But what shocked America last week was the discovery that MacDill is also at the hub of a social whirl that has not only ended the career of the country's top spy, but also fuelled concerns about the behaviour and judgment of the nation's military commanders. The US defence secretary has now announced a review of misconduct by high-ranking military personnel.

MacDill is quite unlike your average military base. Here, senior officers live in large waterfront homes with sweeping views of Tampa Bay, set back from palm tree-lined avenues. For respite from the rigours of command, there is a beach, an on-site diving school, jet-ski rentals and a golf course - all the trappings of a tropical resort, indeed.

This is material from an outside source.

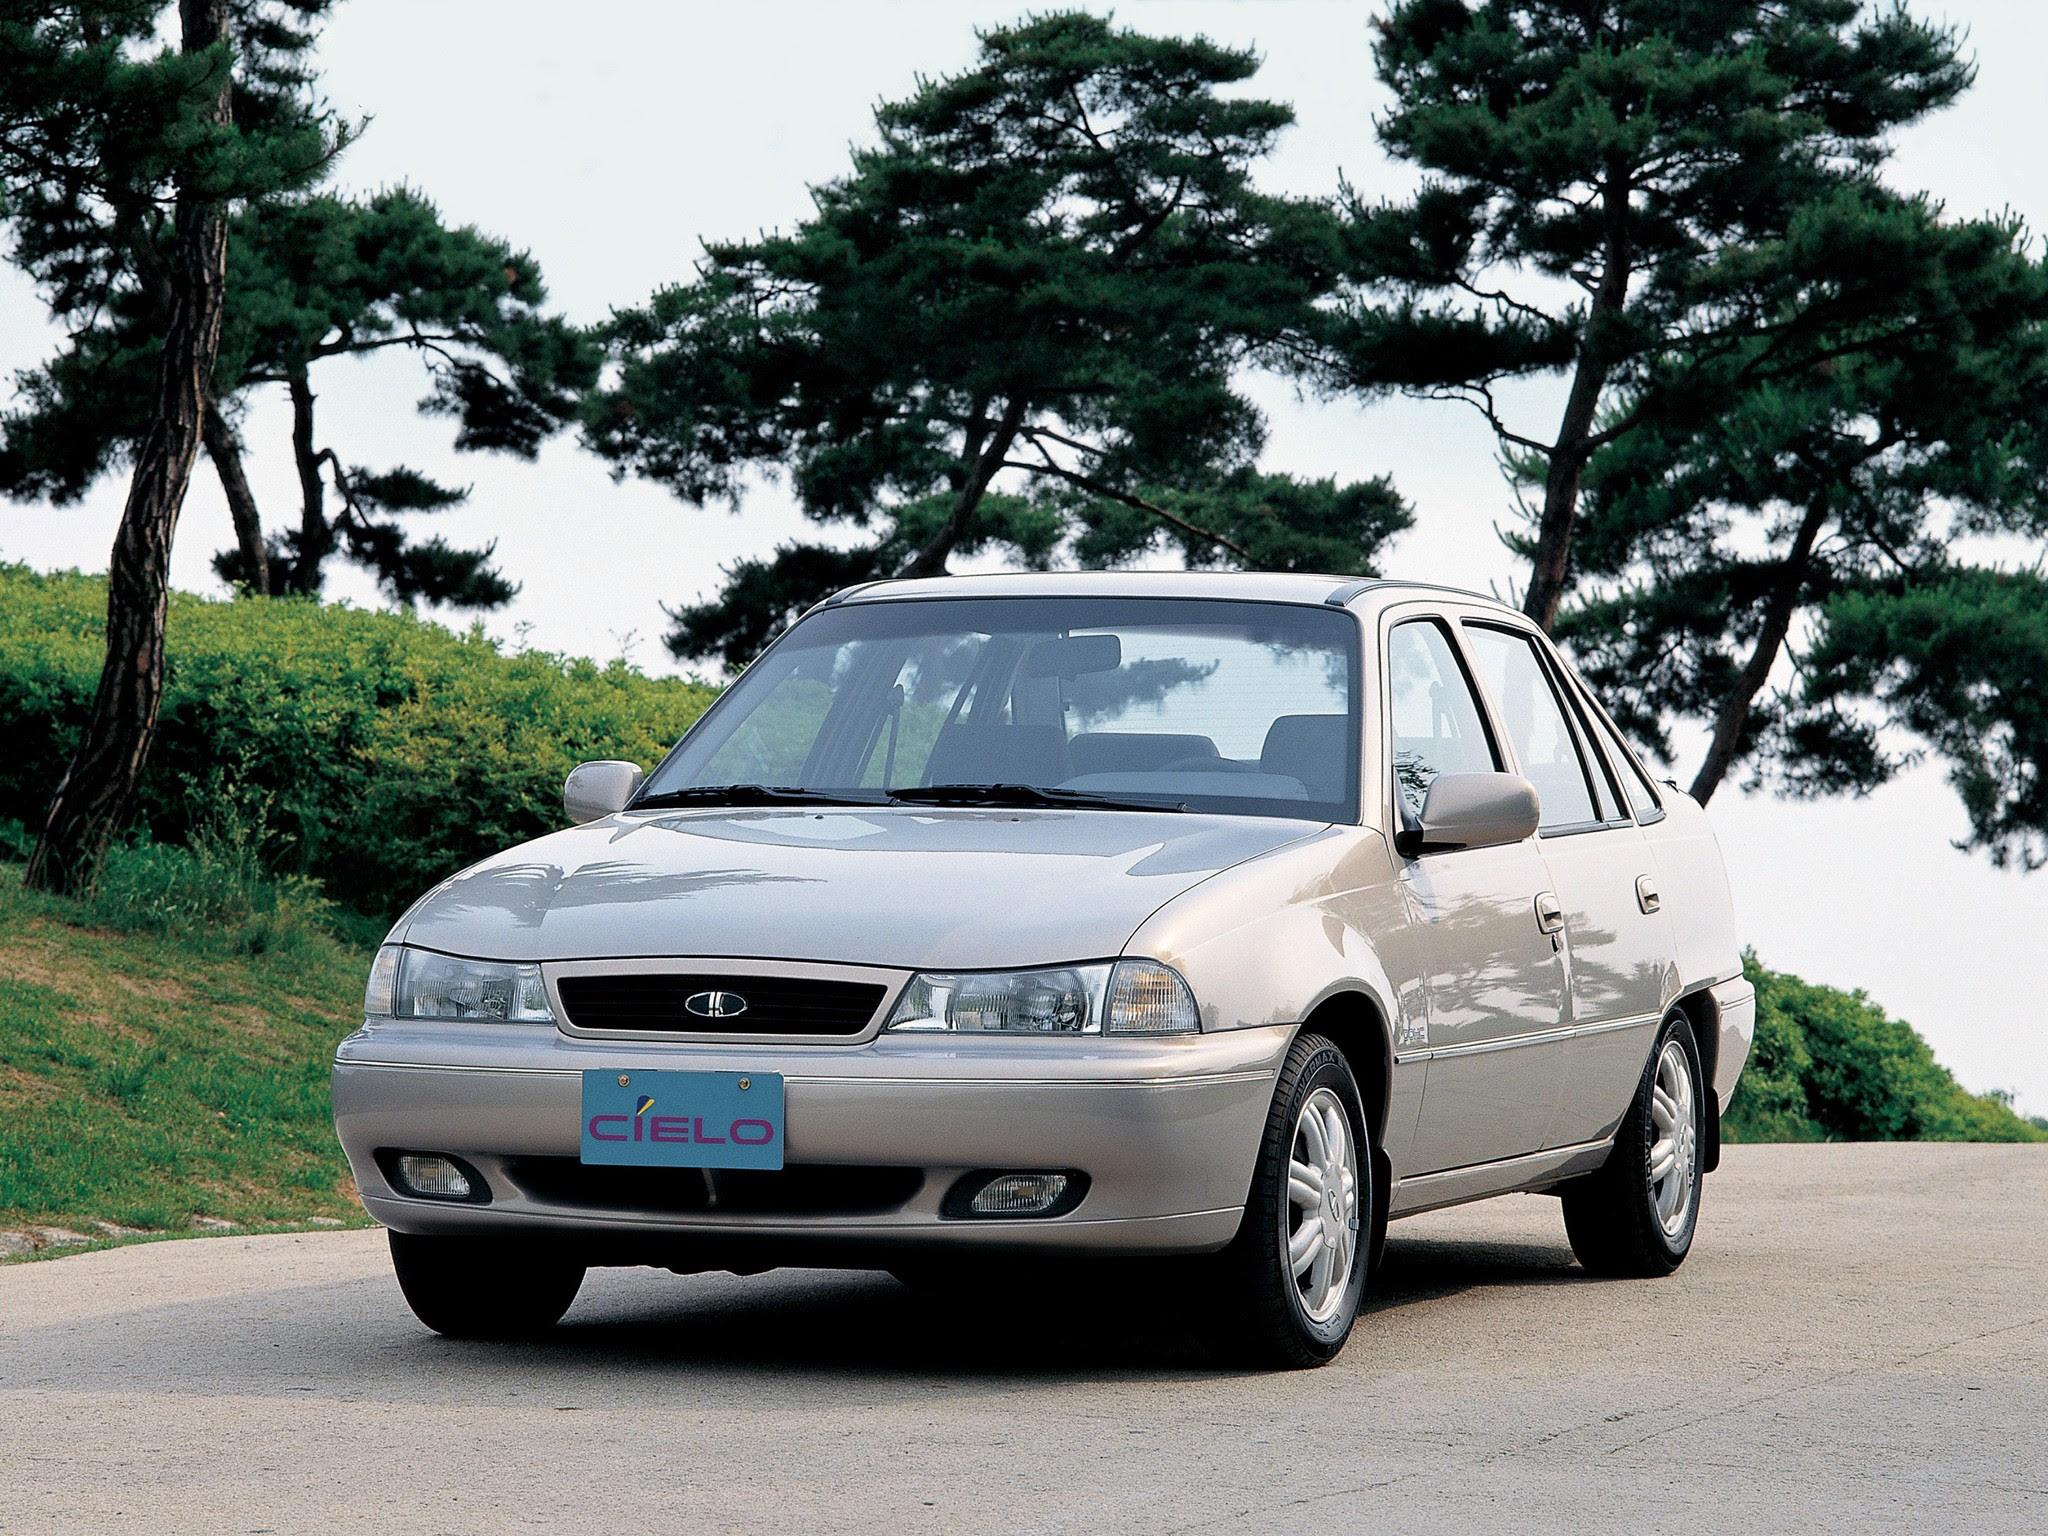 DAEWOO Cielo/Nexia - 1994, 1995, 1996, 1997 - autoevolution

It is off the base, however, amid the plantation-style mansions of Tampa's wealthiest enclave, that high-ranking officers are courted as celebrities. Members of the armed forces are venerated across America, but here, the top brass are not so much placed on pedestals as feted on thrones.

The saga that has brought down David Petraeus, one of the most senior US generals and, until his resignation earlier this month, director of the CIA, resembles a cross between the plotlines for Homeland and Desperate Housewives.

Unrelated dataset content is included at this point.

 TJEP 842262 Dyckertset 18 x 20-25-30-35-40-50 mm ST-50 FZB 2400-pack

At the centre is Jill Kelley, a local socialite, albeit one on the brink of bankruptcy, who has an equally glamorous twin sister, Natalie. Her Tampa social circle includes not only Gen Petraeus and his wife, but Gen John Allen, Petraeus's successor in Afghanistan, and Frederick Humphries - aka "Agent Shirtless" (thanks to a jokey topless picture he sent to Kelley) - the FBI operative who initiated the investigation that brought down Petraeus.

Kelley had alerted Humphries to a string of anonymous, and reportedly threatening, emails, warning her to stay away from Petraeus. Humphries duly set in motion an FBI cyber-stalking investigation.

It then emerged that the emails came from Paula Broadwell, Petraeus's biographer, 20 years his junior, with whom he had been having an affair. This revelation led to Petraeus's resignation as CIA chief, while Broadwell faces an ethical review of her doctoral dissertation at King's College, London, on Petraeus - for sleeping with the subject of her research.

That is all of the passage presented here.